Inmiddels werd Alting verdacht van financieel wanbeheer, miljoenen guldens waren verdwenen en een klachtenstroom van gerepatrieerden brachten stadhouder Willem V er in 1791 toe de wantoestanden uit te laten zoeken. De in het leven geroepen commissie van vier commissarissen-generaal werd geleid door de VOC-advocaat Nederburgh. De andere leden waren kapitein ter zee Frijkenius, gouverneur-generaal Alting en directeur-generaal Van Stockum. Toen de laatste overleed wist Alting in plaats van Van Stockums door de Heren XVII benoemde opvolger, de gouverneur van Ceylon Willem van de Graaff, zijn schoonzoon, de latere gouverneur-generaal Joannes Siberg, in diens plaats te manoeuvreren. Hierdoor leverde het onderzoek niets op.

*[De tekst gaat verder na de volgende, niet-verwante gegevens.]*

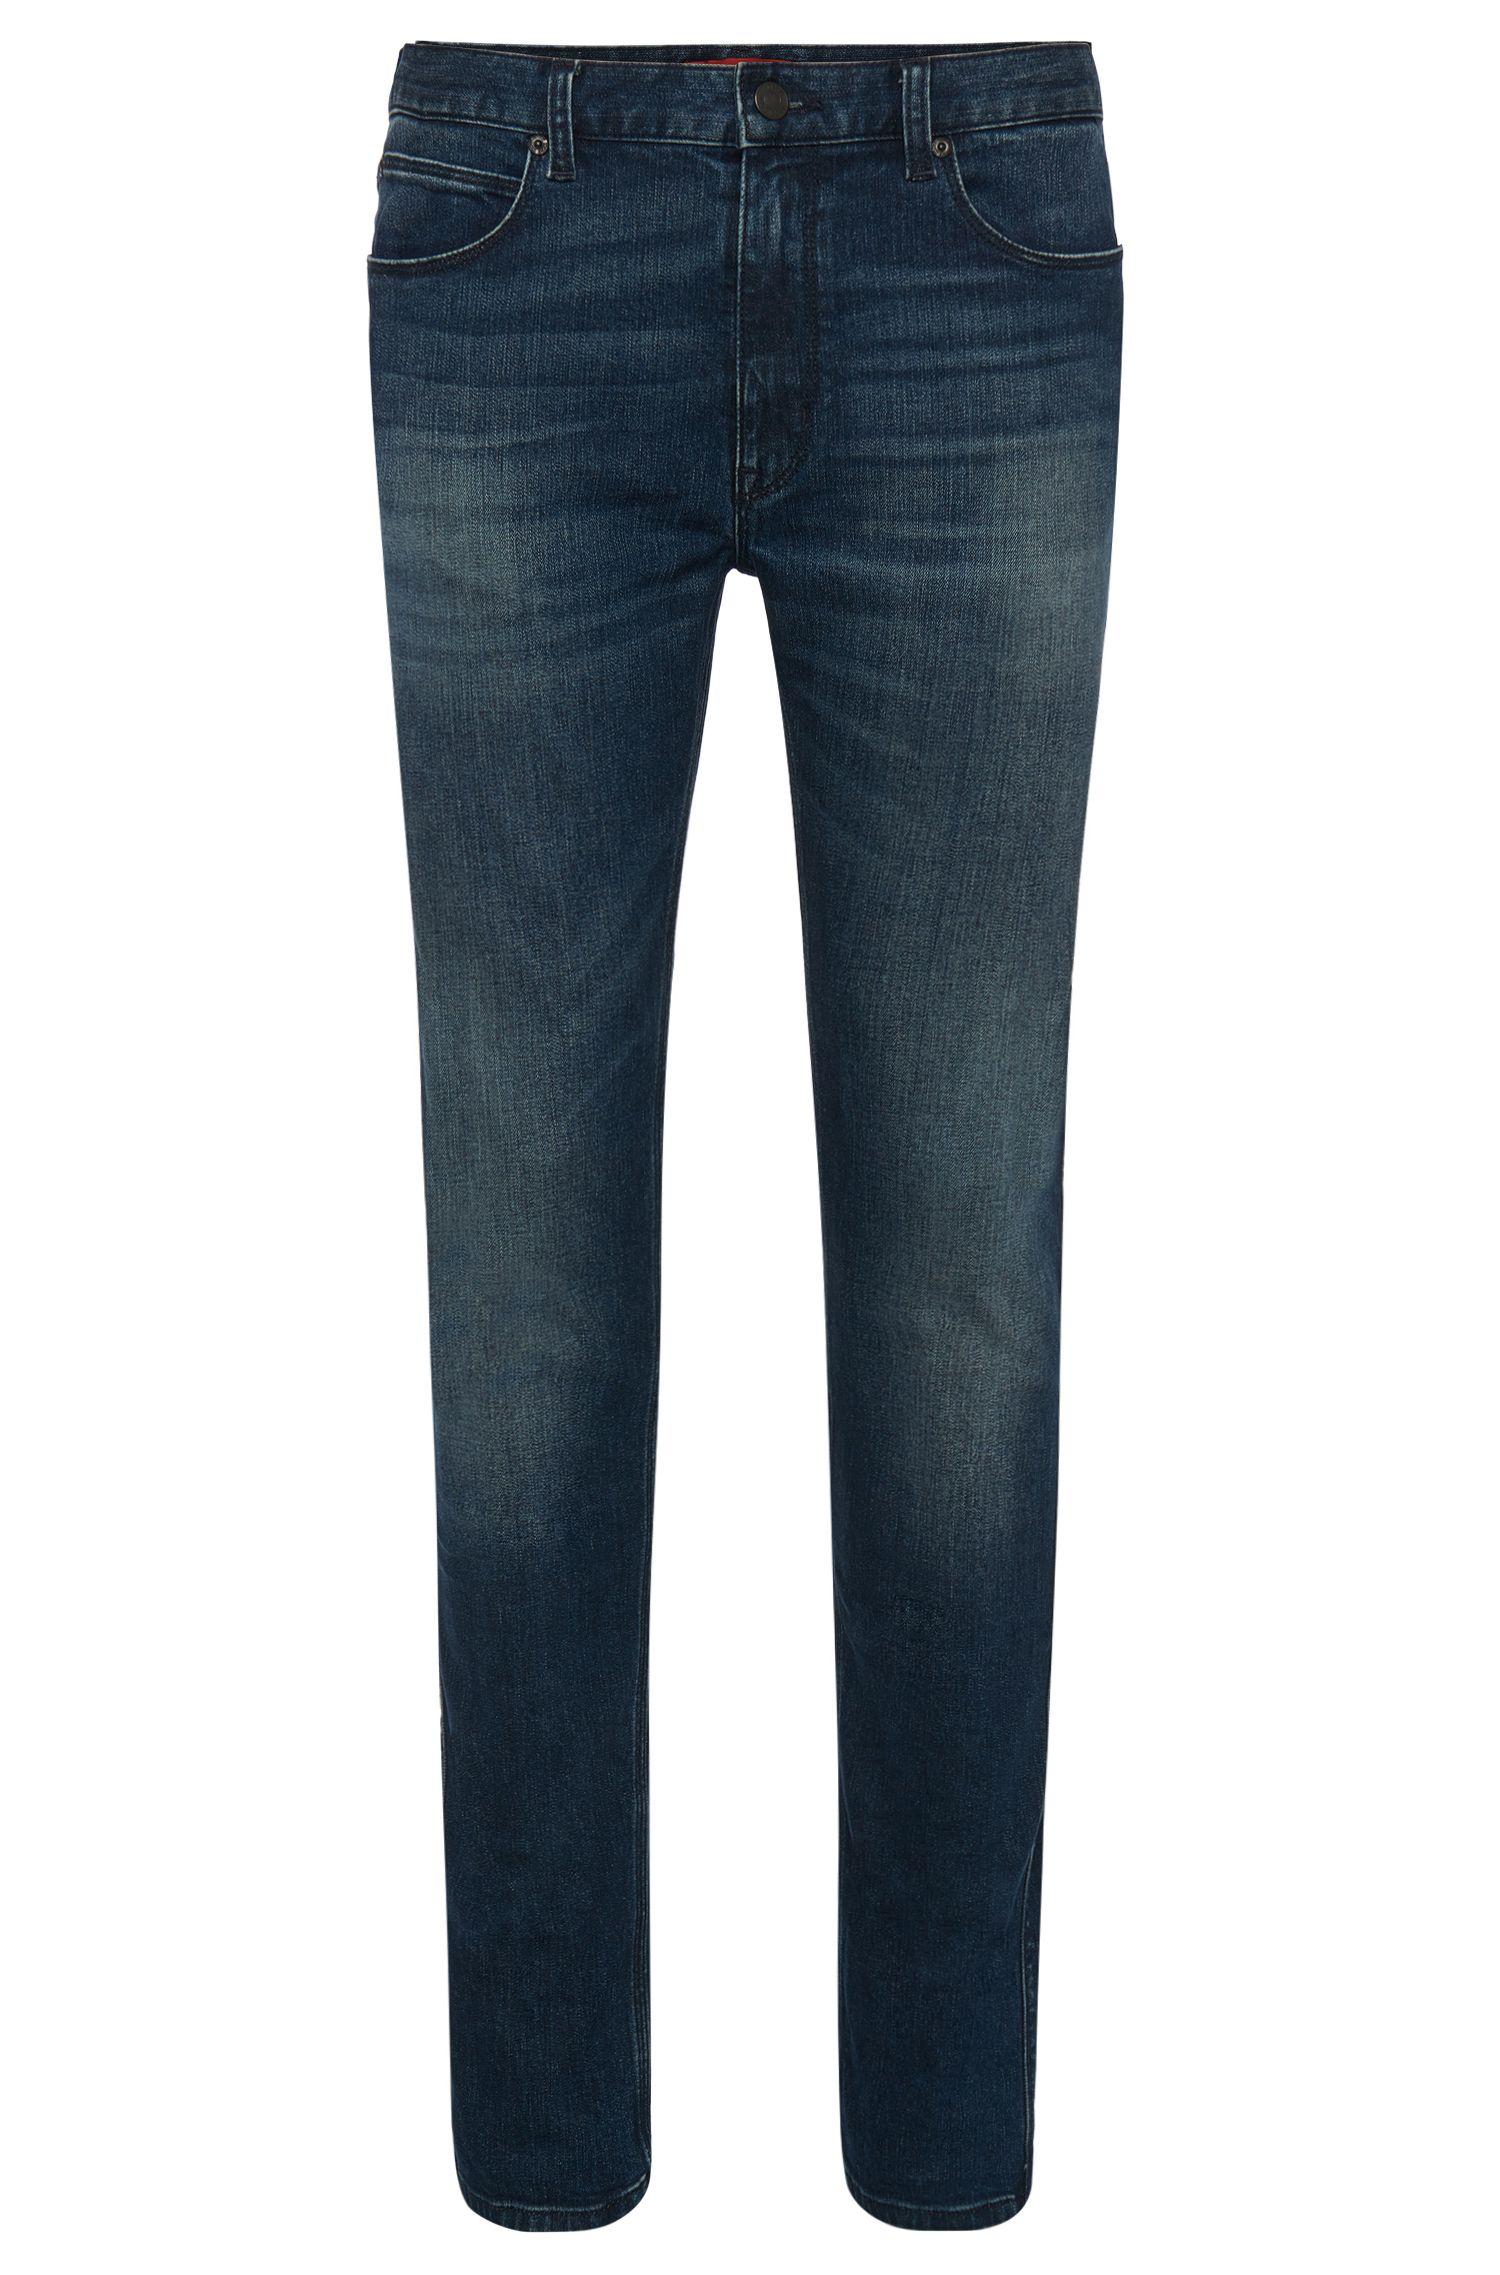 'HUGO 734' | Skinny Fit, 12.5 oz Stretch Cotton Jeans

Nadat in 1795 de Franse troepen Nederland binnenmarcheerden, werd Nederland tot Bataafse Republiek omgedoopt en kwam het eind van de VOC steeds meer nabij. Alting probeerde nog enige moderniseringen door te voeren, maar uiteindelijk besloot de Staten-Generaal op 24 december 1795 dat alle bewindhebbers in de Bataafse Republiek vervangen zouden worden.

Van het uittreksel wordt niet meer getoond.